Creating Communities of "Artists"

This morning I noticed a torn piece of paper with something I’d written on it from awhile back:

  • How do we form a community that creates artists rather than just critics?
  • Justice should always come first, justice is innovative.

I am not sure what I was reading when I wrote these two thoughts down, but I know they are not original to me. But today I found these two statements helpful in reflection as our meeting is currently struggling to decide what to do with a house we own but is in need of a lot of care. We are a smaller church without a ton of resources but we have a deep desire to do what is right not only for us but also for the broader community of Camas and Washougal.

The house has been used as a rental in the past, and was once (I believe) the parsonage. The last tenants took advantage of our church and not only stopped paying rent but continued to trash the place. Finally, they had to be evicted, which was a very difficult thing for us to do. This house has since become a burden. It needs a lot of work and repairs with funds we don’t have and volunteers we are short on or who are worn out. And many don’t really want to rent the house out again (who can blame them), yet no clear vision of what God might have us has come forth.

There are people who need a place to live in Camas, people living under bridges, people on the verge of being evicted from their homes for one reason or another, so keeping it available as affordable housing is not a bad idea. But there are other needs and ideas as well. Maybe we could turn it into a community living room, a kind of open and creative space for youth. Maybe we could turn the house into a communal home for young Quakers wishing to have training in ministry and do justice-related work in the community. Maybe we could turn it into a cafe, a thrift store, etc… We are currently working with the local Food Co-Op to have them potentially take over the bottom level of the house! So there are many ideas but we are not sure which is the proper one to pursue, and it feels like until we can really have a good purpose for the house, it’s going to be difficult to rally the  people needed to get the place up and running again. So what feels like a major time-sink and energy drain becomes a vicious cycle.
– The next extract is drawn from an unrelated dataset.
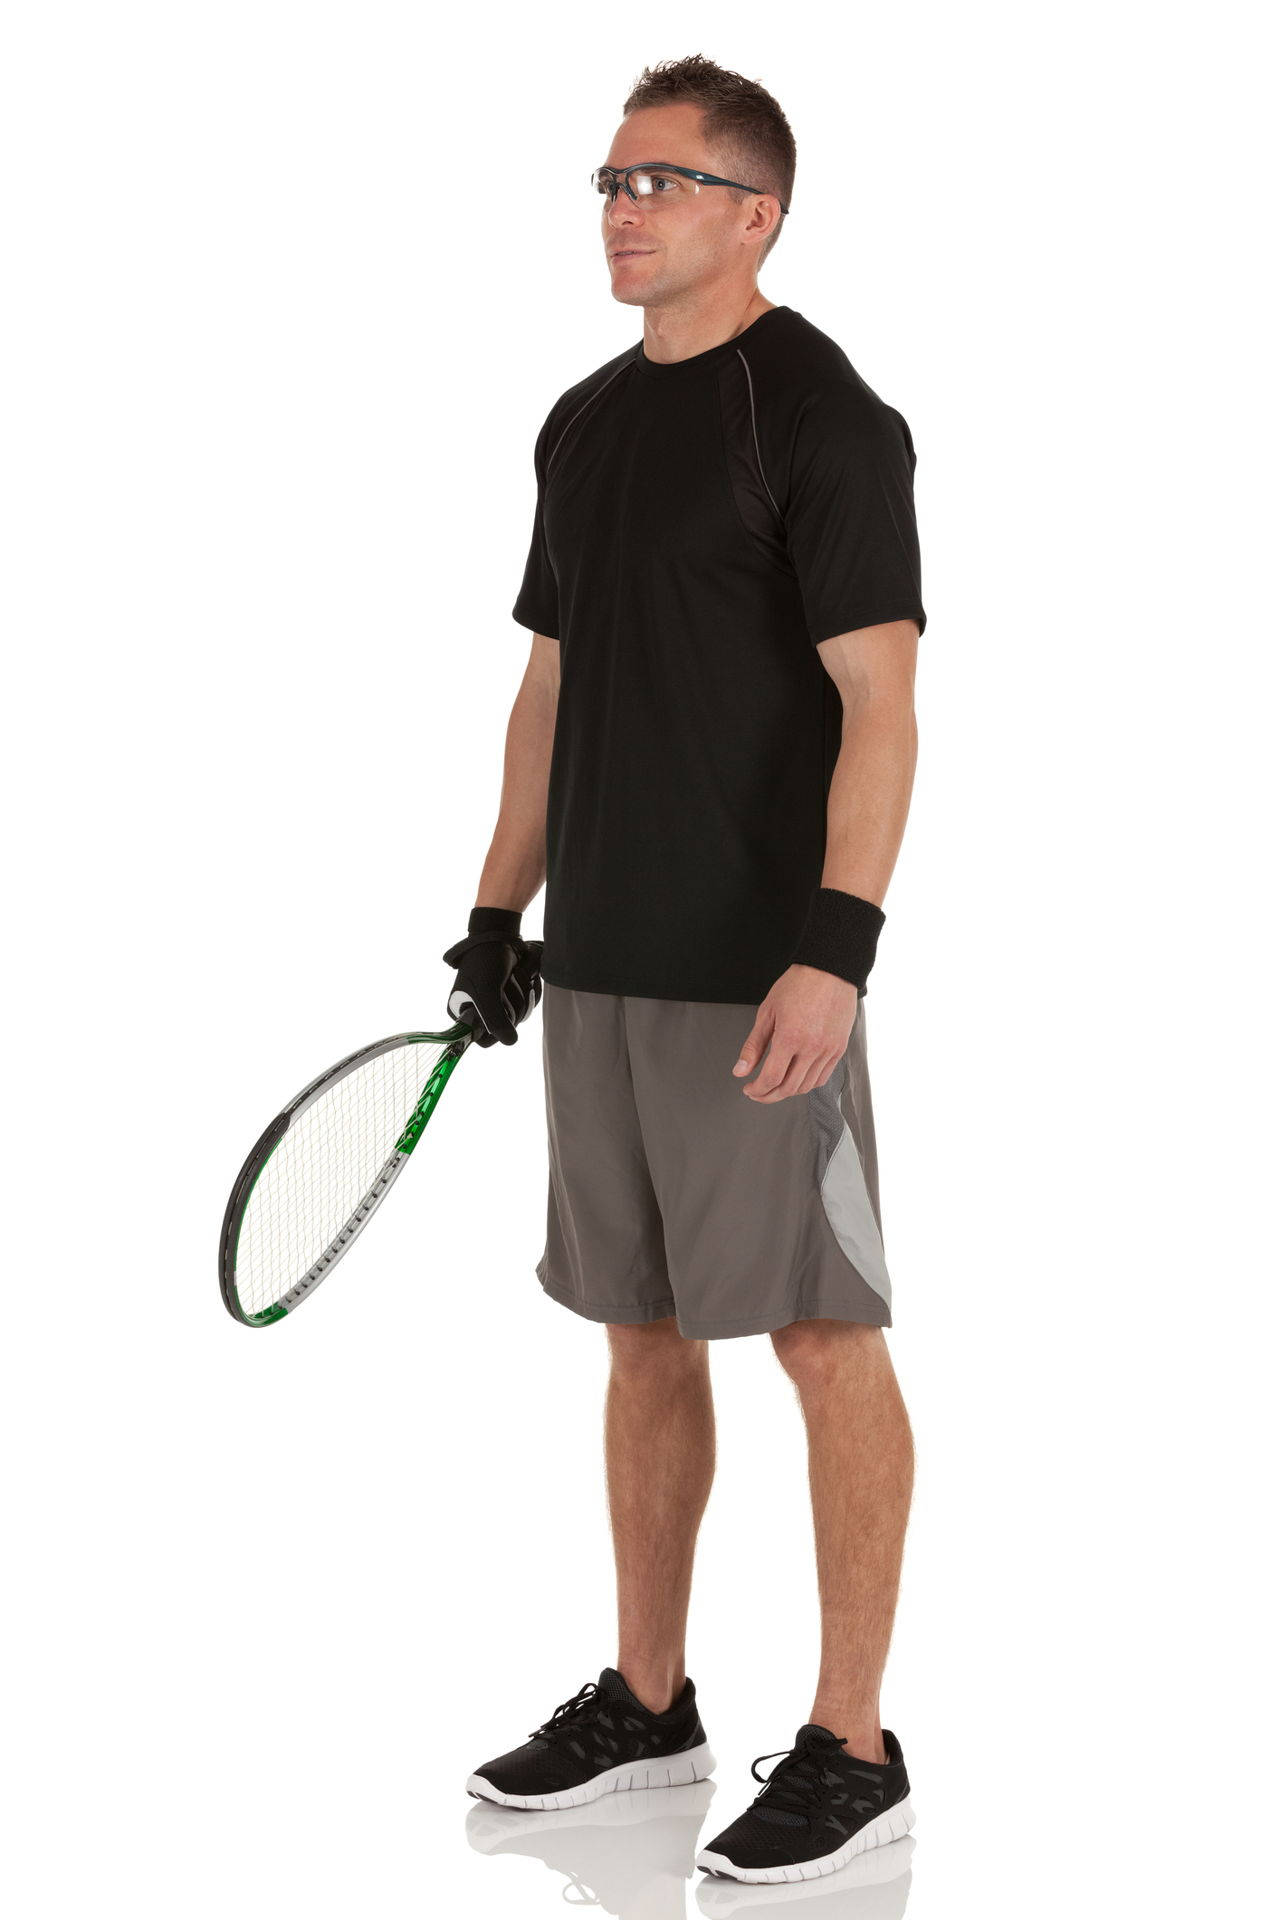 Appassionatogiocatore Di Racquetball Pronto Per L'azione Sfondo

Then, I sit down and read this little piece of paper and I wonder if this house might not be somehow connected to trying to form a community of artists? And how and in what ways God’s desire for justice is guiding the vision of the house?

Whenever we come up to difficult problems and questions like this it is really easy to find the critics and naysayers and there are plenty who want nothing to do with working through the solution. For some it’s easier just to disengage. The people who have the vision and willingness to implement it are harder to come by. I am one who can have ideas but those ideas tend to be grandiose and I have difficulty with following through on them. We, like any community, has a variety of folks on this spectrum. What I am interested in knowing is how we might help people be free enough to be inspired by creativity and imagination to re-imagine a holy use for this house (or whatever the question is that faces us in a given setting). People who are able communicate that vision in a way that helps others come onboard and gain energy and excitement rather than being left with the feeling of exhaustion is a gift.

So who are “artists” and what do they do and how might we as to become more like them. I guess for our purposes we might say that artists (in a broad and general sense) are:

  • Relient upon the creativity of the Spirit of God
  • Skilled practitioners
  • Rooted in the practices of their tradition
  • Open to new “techniques,” ideas, innovations
  • Deeply invested in their work
  • Have the space to envision different possibilities and dream
  • Willing to implement through hard work a particular vision

Here I am not trying to describe Van Gogh, or the hipster artist using his Powerbook down at the coffeeshop, but more of a way of life and way of approaching questions and issues. Our community already has a lot of these qualities but what gave rise to them?  And what about the ones that we could do better at? What might help to facilitate those? So I wonder what we might do as a Church to be more like this, what do we actually need to do to practice this?

And then I realized that this house, which has been cause for some much stress, might be the very thing that could help us be creative and engage the Spirit on a different level and in a way that might help us find life in this project rather than fatigue. Maybe there are clues already to what we should be doing, tools, that point us in the proper direction that God has placed before us that we need to attend to?

(I am considering a threshing meeting (sort of a Quaker and Spirit-led version of a brainstorming session) or a clearness committee around the question of the house. It seems like this may be a helpful step.)

Published by

Wess

...is the William R. Roger Director of Friends Center and Quaker Studies at Guilford College in Greensboro, NC., PhD in Intercultural Studies from Fuller Theological Seminary, served as a "released minister" at Camas Friends Church, and father of three. He enjoys sketchnoting, sharing conversation over coffee with a friend, listening to vinyl and writing creative nonfiction.

3 thoughts on “Creating Communities of "Artists"”

  1. Wess,

    I really appreciate your thoughts here. I’ve been thinking A LOT about artists, creativity and the Church.

    I’ll be praying about that house!

    Blessings,
    Sarah

  2. Hey let me know if you come across any young quakers who want a place. Almost got our basement finished. Looking for some folks for this summer.